> Aim of the exercise
Print the listing exactly as it stands, and skip any pictures in it.

Source material below:

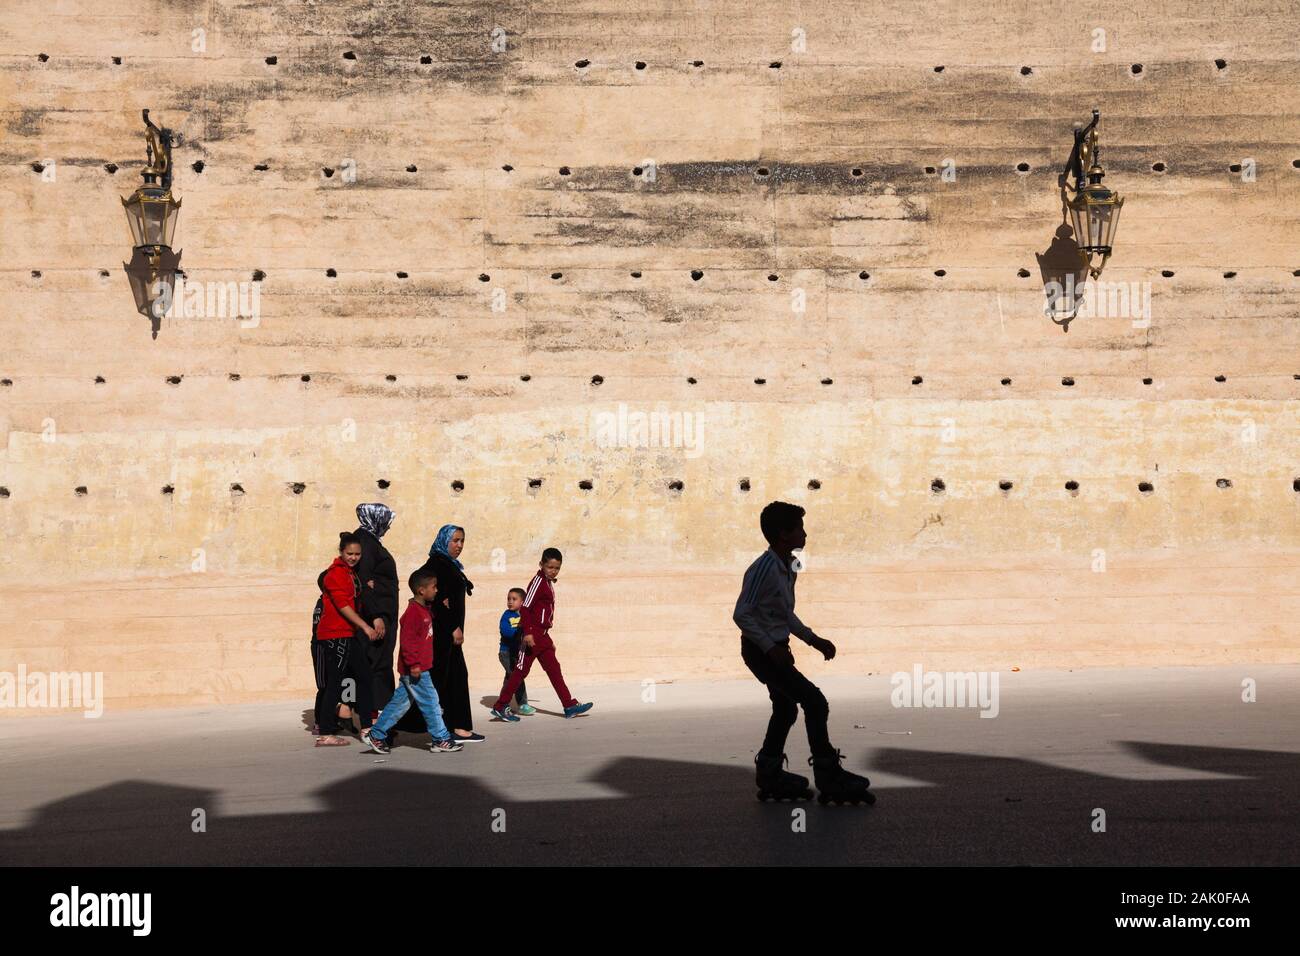 Tradizione e modernità - boy con i pattini e i pedoni (donne e bambini) nel pomeriggio scenario delle mura della città di Fès (fez), Marocco Foto Stock
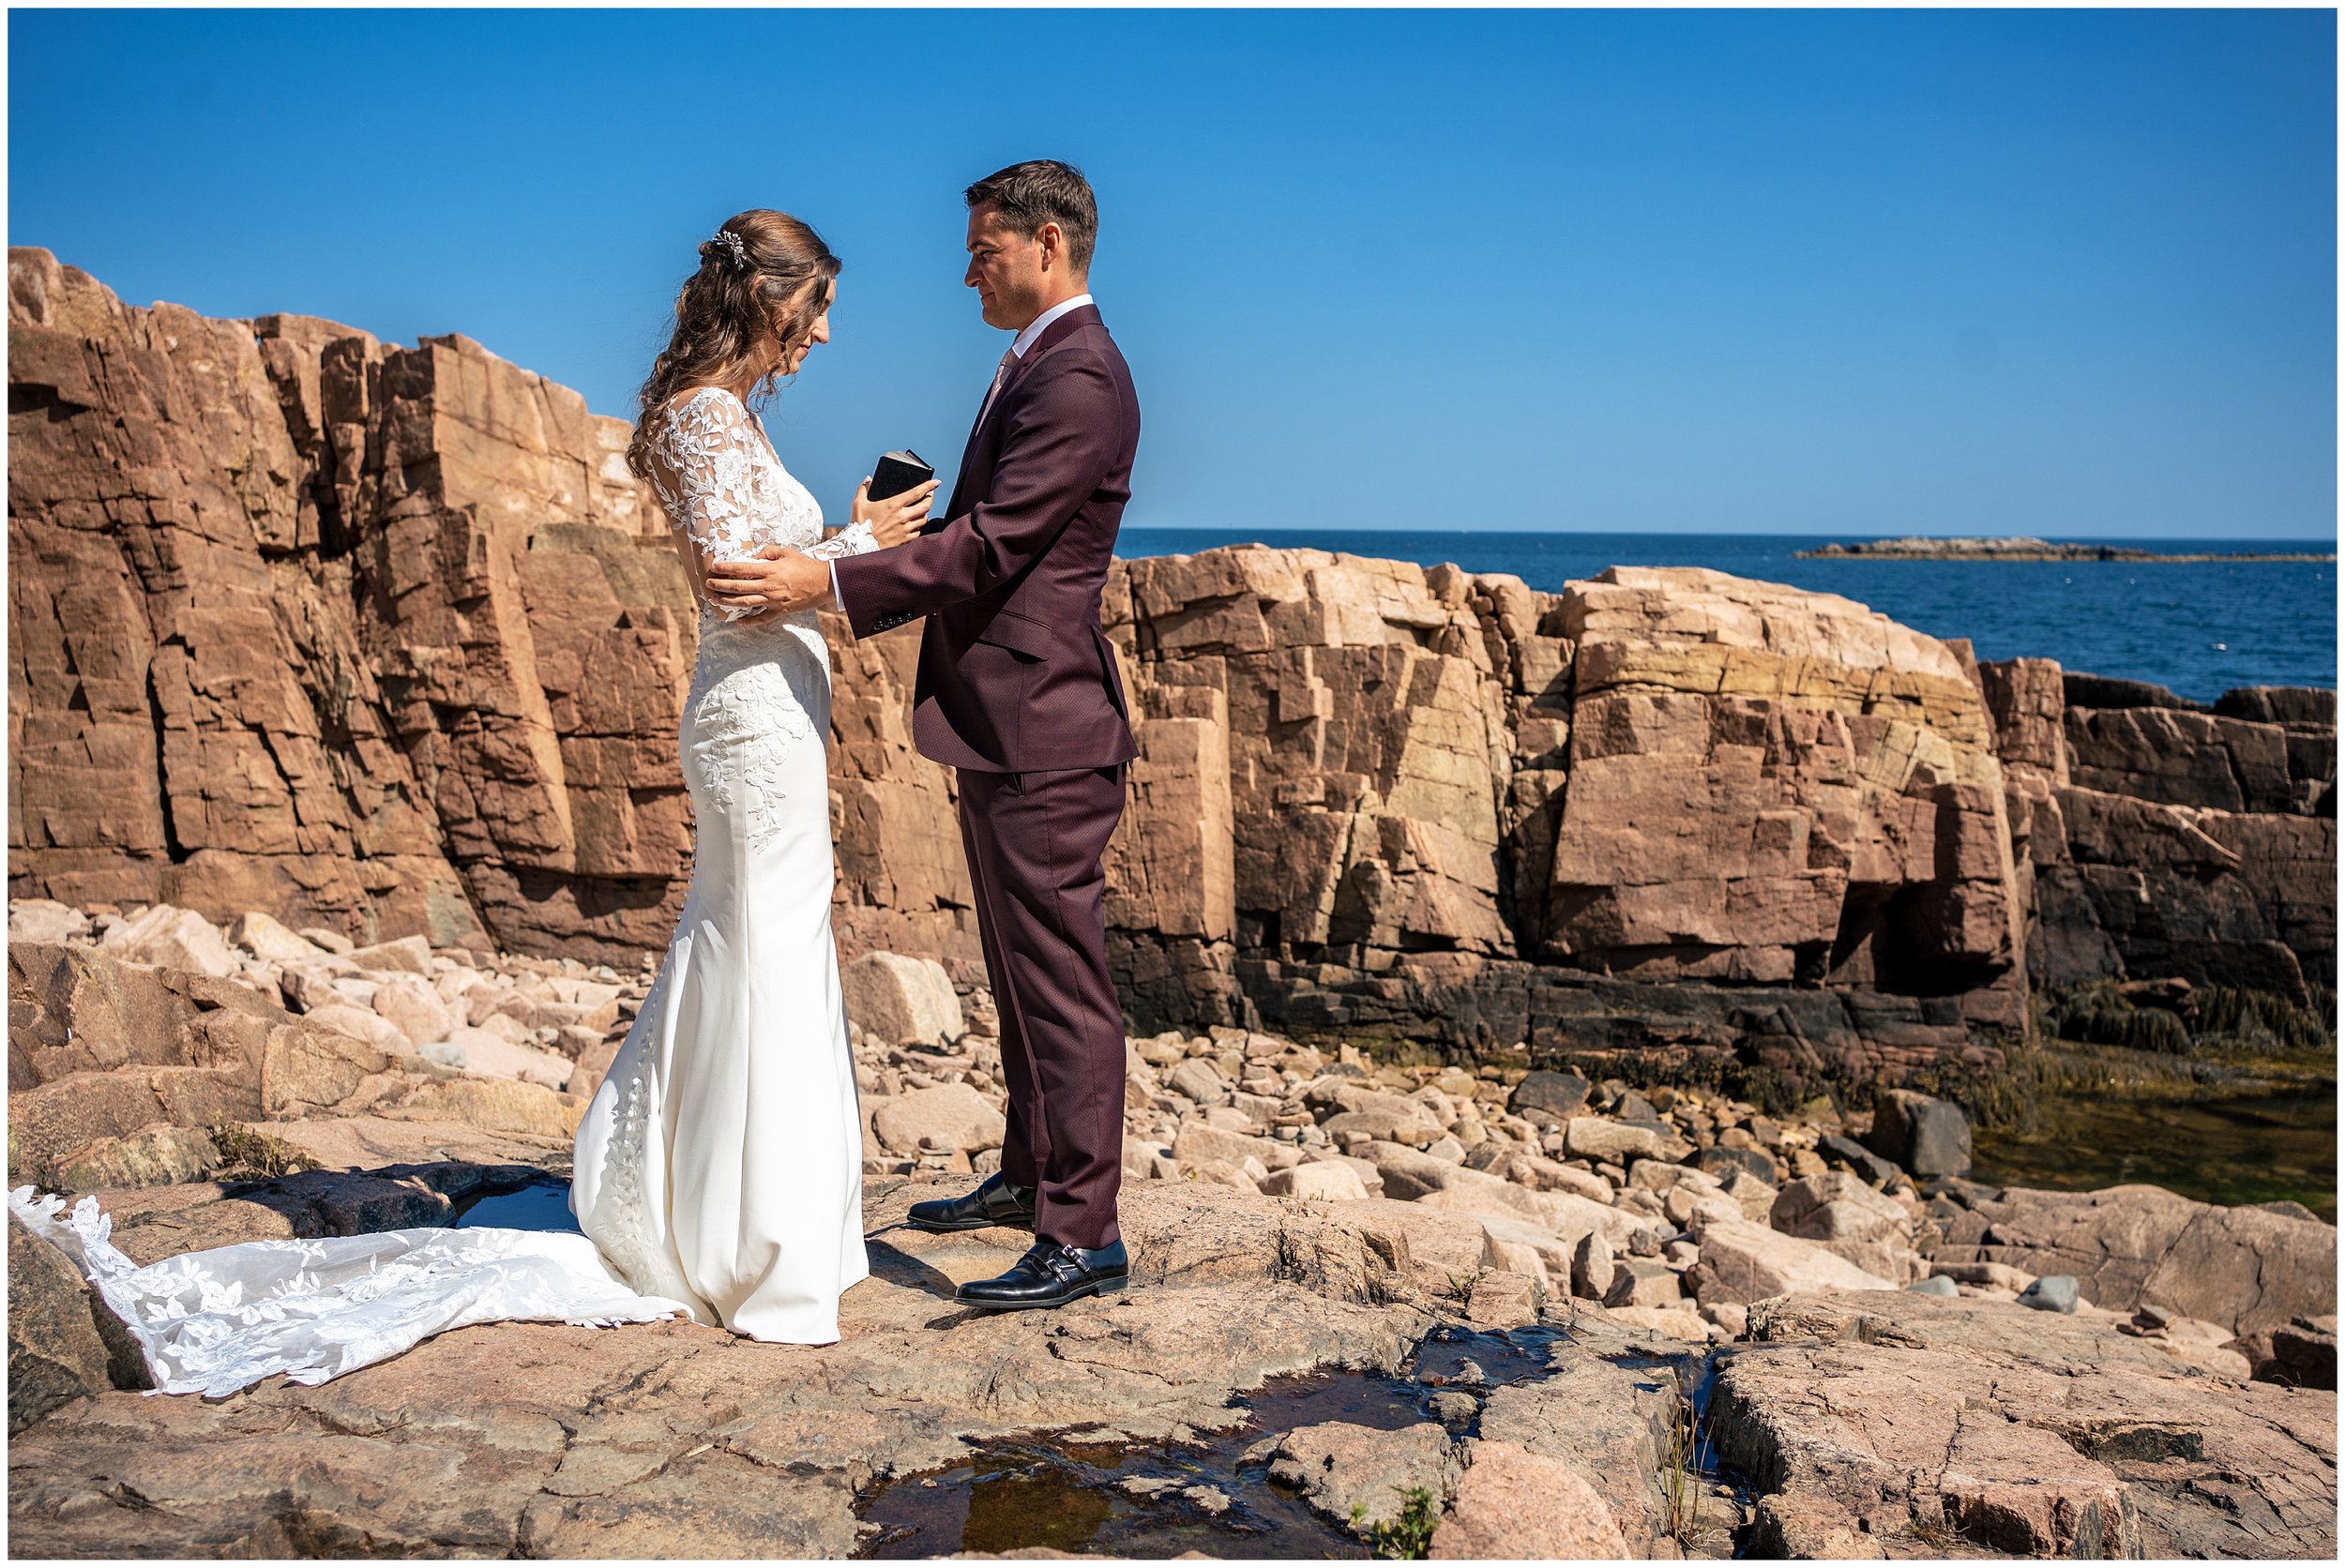 Acadia National Park Wedding Photographers, Bar Harbor Wedding Photographers, Two Adventurous Souls- 082423_0001.jpg
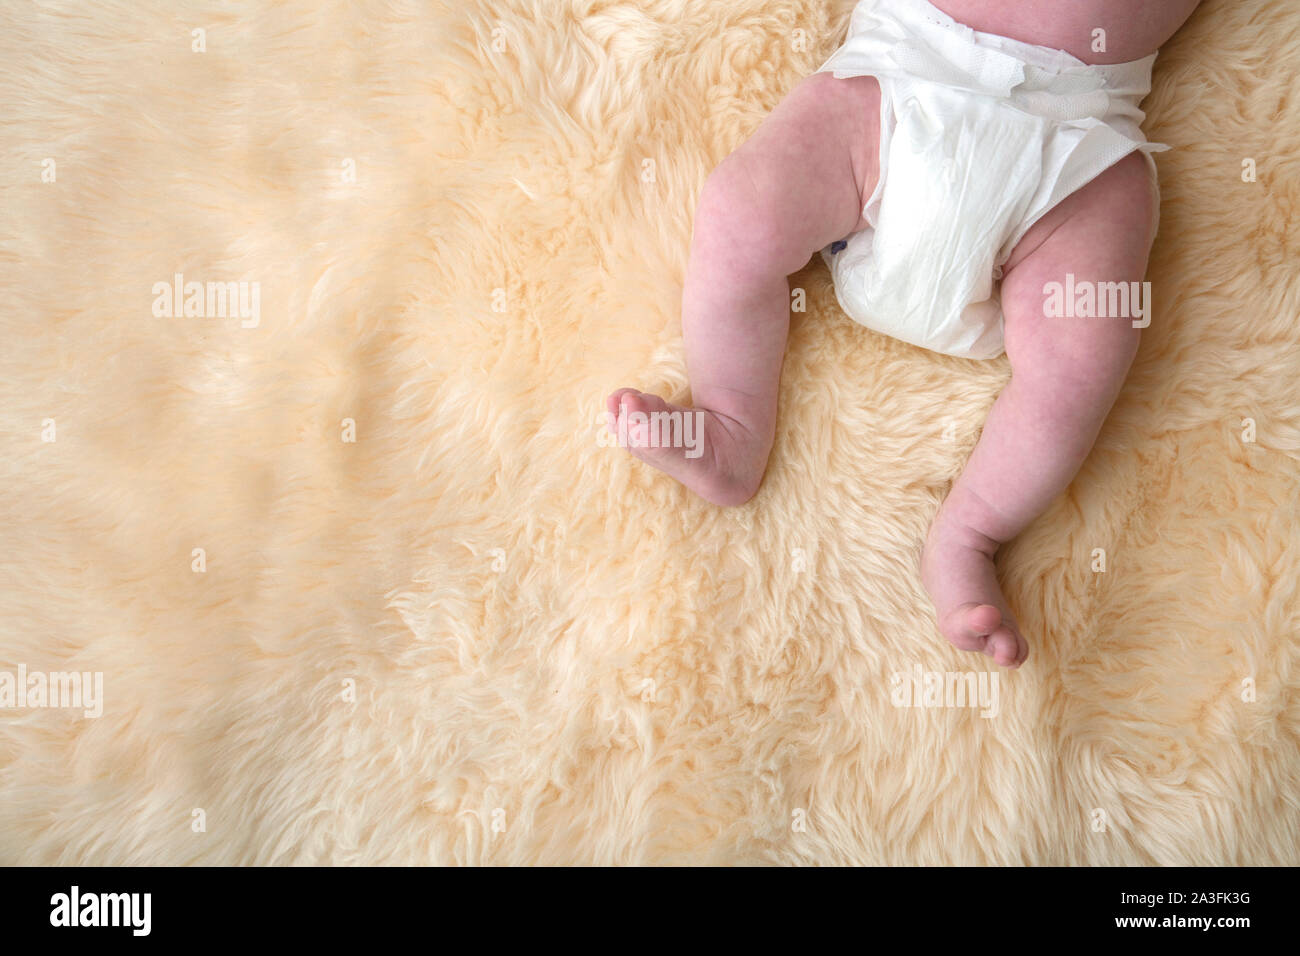 Neonato gambe con pannolino bianco, pannolino su un sfondo di pelliccia. Foto Stock
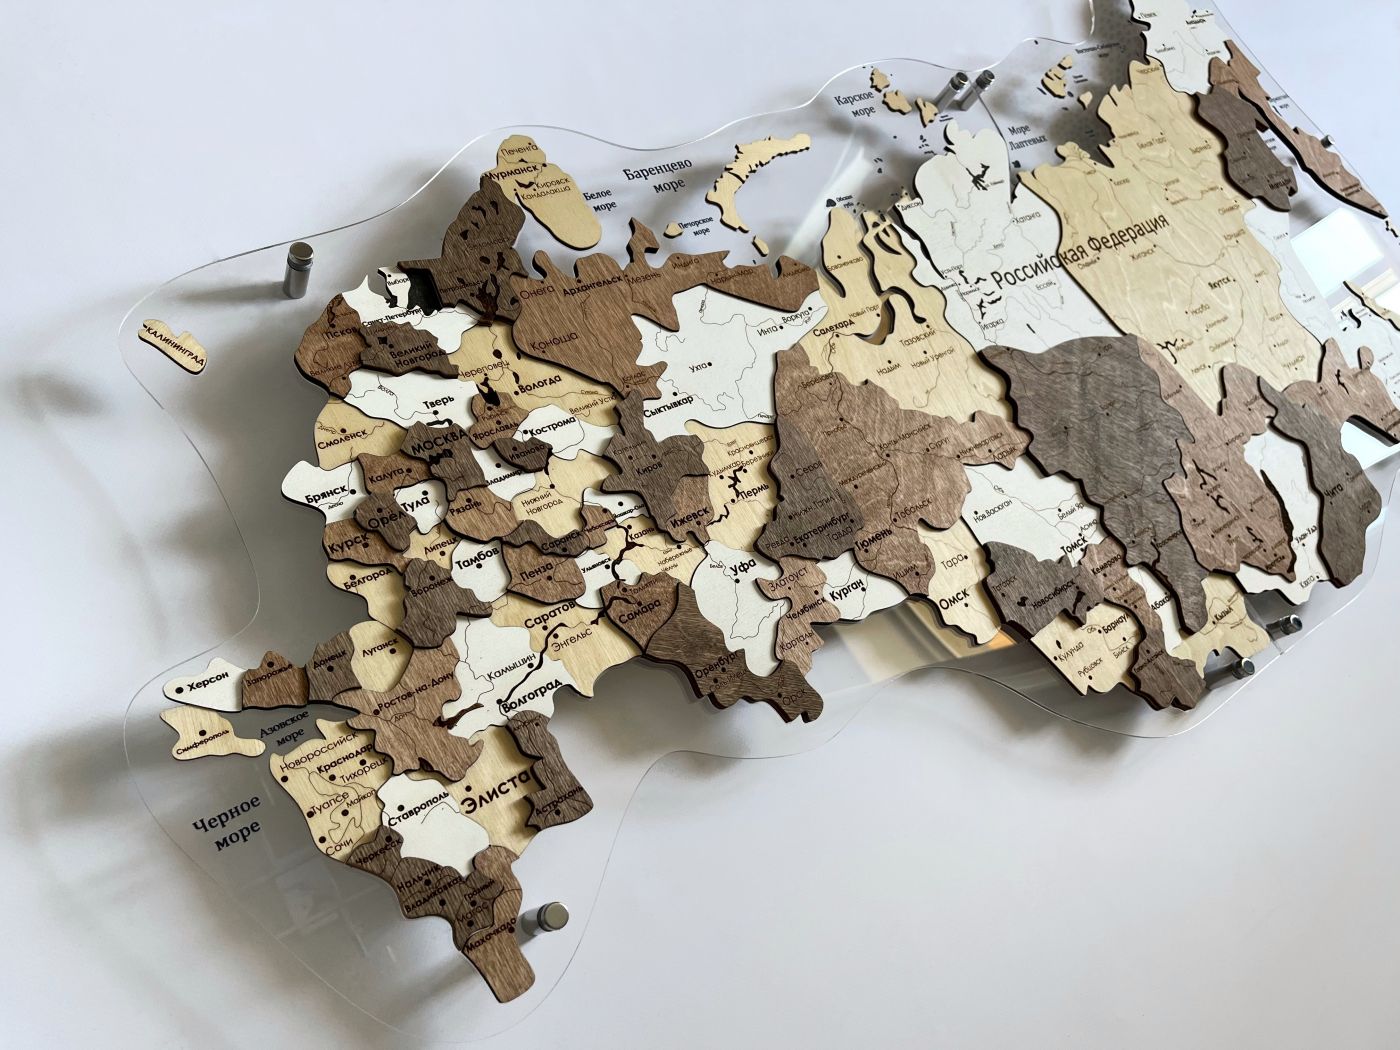 Цвет "Дербент", 150х83 см, Многоуровневая карта РОССИИ из дерева, на подложке из орг.стекла, на русском языке, с полной гравировкой, с черной гравировкой на орг.стекле

End of Source material.

> Solution to this exercise
 Tradizione e modernità - boy con i pattini e i pedoni (donne e bambini) nel pomeriggio scenario delle mura della città di Fès (fez), Marocco Foto Stock
 Acadia National Park Wedding Photographers, Bar Harbor Wedding Photographers, Two Adventurous Souls- 082423_0001.jpg
 Neonato gambe con pannolino bianco, pannolino su un sfondo di pelliccia. Foto Stock
 Цвет "Дербент", 150х83 см, Многоуровневая карта РОССИИ из дерева, на подложке из орг.стекла, на русском языке, с полной гравировкой, с черной гравировкой на орг.стекле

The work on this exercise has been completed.